Whilst monster labels like High Focus and Blah continue to do what was once considered impossible – make the scene legitimately profitable – a collection of smaller imprints are squeezing out some of most innovative, high-quality rap our sordid little island has to offer.

One of these imprints, the delightfully-named Potent Funk records, will this week unleash Baileys Brown's debut LP Still Fresh. Providing a handy crib sheet of some of the UK scene's key players – Northern curmudgeon Lee Scott, spitfire Londoner Dabbla – the album also launches a fresh, forward-thinking voice in production, as beat-maker Baileys pastes his spacious, sometimes bleak sonic stylings onto everything from grime to trap to boom bap.

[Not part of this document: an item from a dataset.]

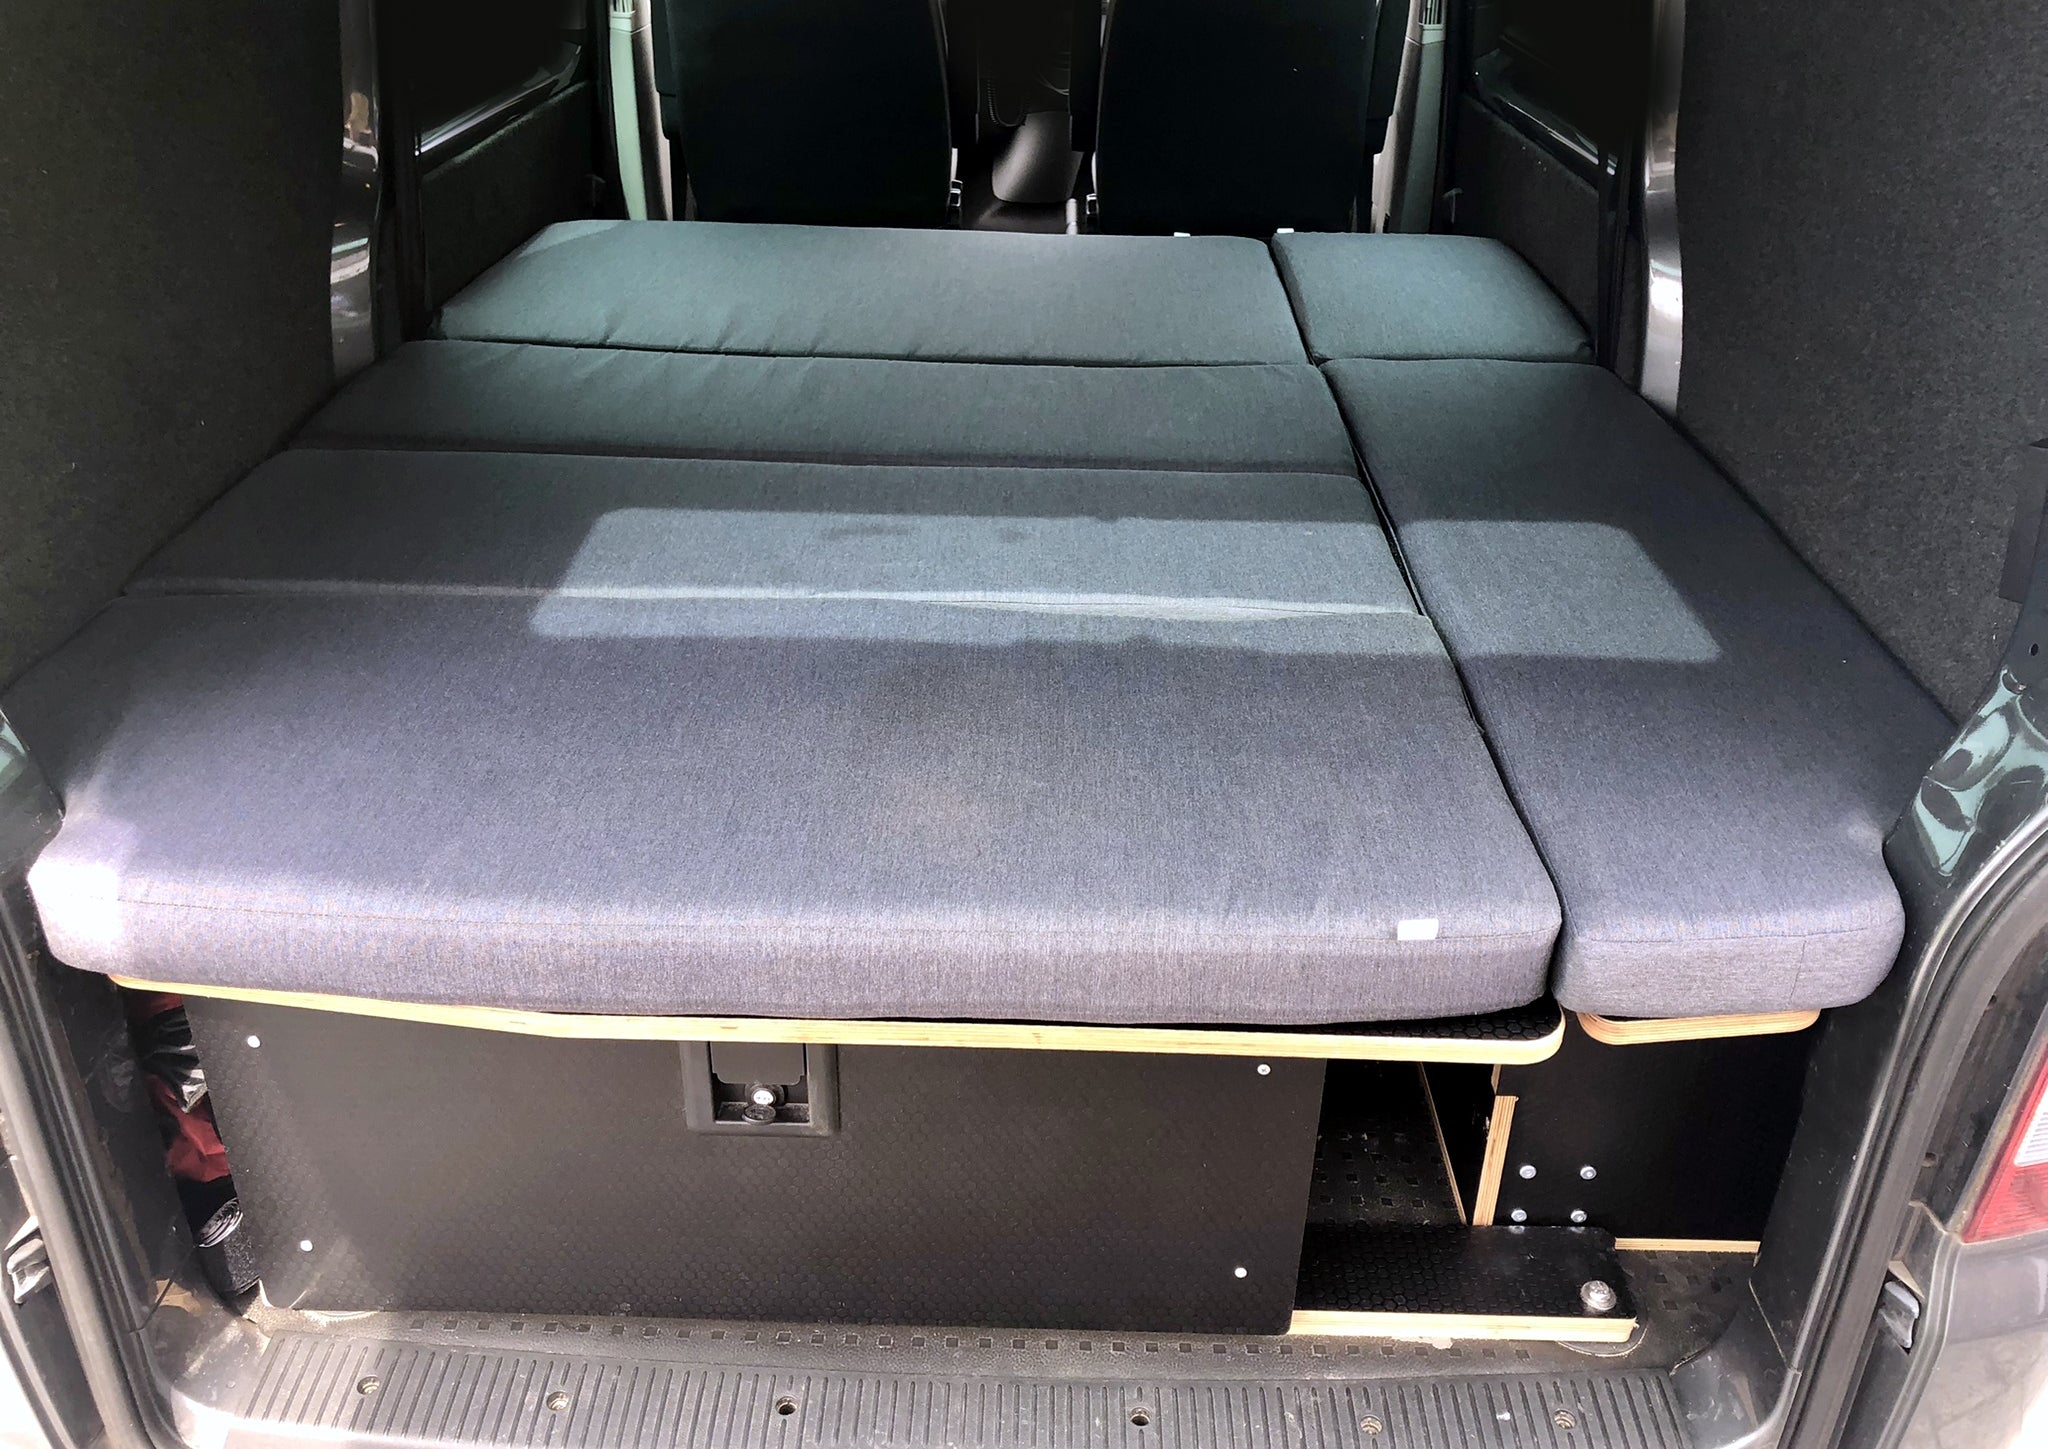 Piggl SIDE-POD furniture for VW Transporter camper van conversions

The record opens with the snaky, static-spattered “Reeboks” – here, Baileys' impressive rap alter-ego Axel Holy makes his first appearance, barring next to eccentric miscreant Stinkin' Slumrok and super-sharp Bristolian DatKid. Stylistically, nothing is nailed down: track two and it's all splashy cymbals and phased samples on “Die Hard”; track three “Horses Mouth” mixes ghostly ambience and snatched and screwed vocal samples with a tasty bit of boom bap; track six and we're doing straight-up grime, emcees Bill Next, Conz and Jay0117 on their double-time. Perhaps the only constant throughout is Baileys; penchant for a 90s-shaped low-end and his super-innate sense of groove: even on the pacier cuts, nothing feels rushed, drums and bass always slipping and sliding around the bar lines.

Stand-out tracks include “Something Else Entirely”, with Lee Scott and Dabbla bringing their respective Scouse satire and slick-tongued egotism to the table. The beat here sounds like a trap remix of a 50s B-movie soundtrack, all warbling theremins and ominous church bells. “Rockports” is a wicked little number that steals its warped hook from Danny Brown's “Grown Up”, with Baileys' Axel persona bringing some particularly cute bars (“Real Ronaldo / Sniper at the outpost / Yeah I'm talking shit but you're doing it without flow.”)

UK hip hop has always struggled to reach the ears of those not huddled within its reasonably-insular scene, which – for better or worse – has retained the same figureheads for years now. That’s why it’s all the more crucial to support artists like Bailey, who step off the well-trodden sonic path and consciously bring together disparate voices and genres. With producers of this vein disrupting the status quo, the future looks blinding.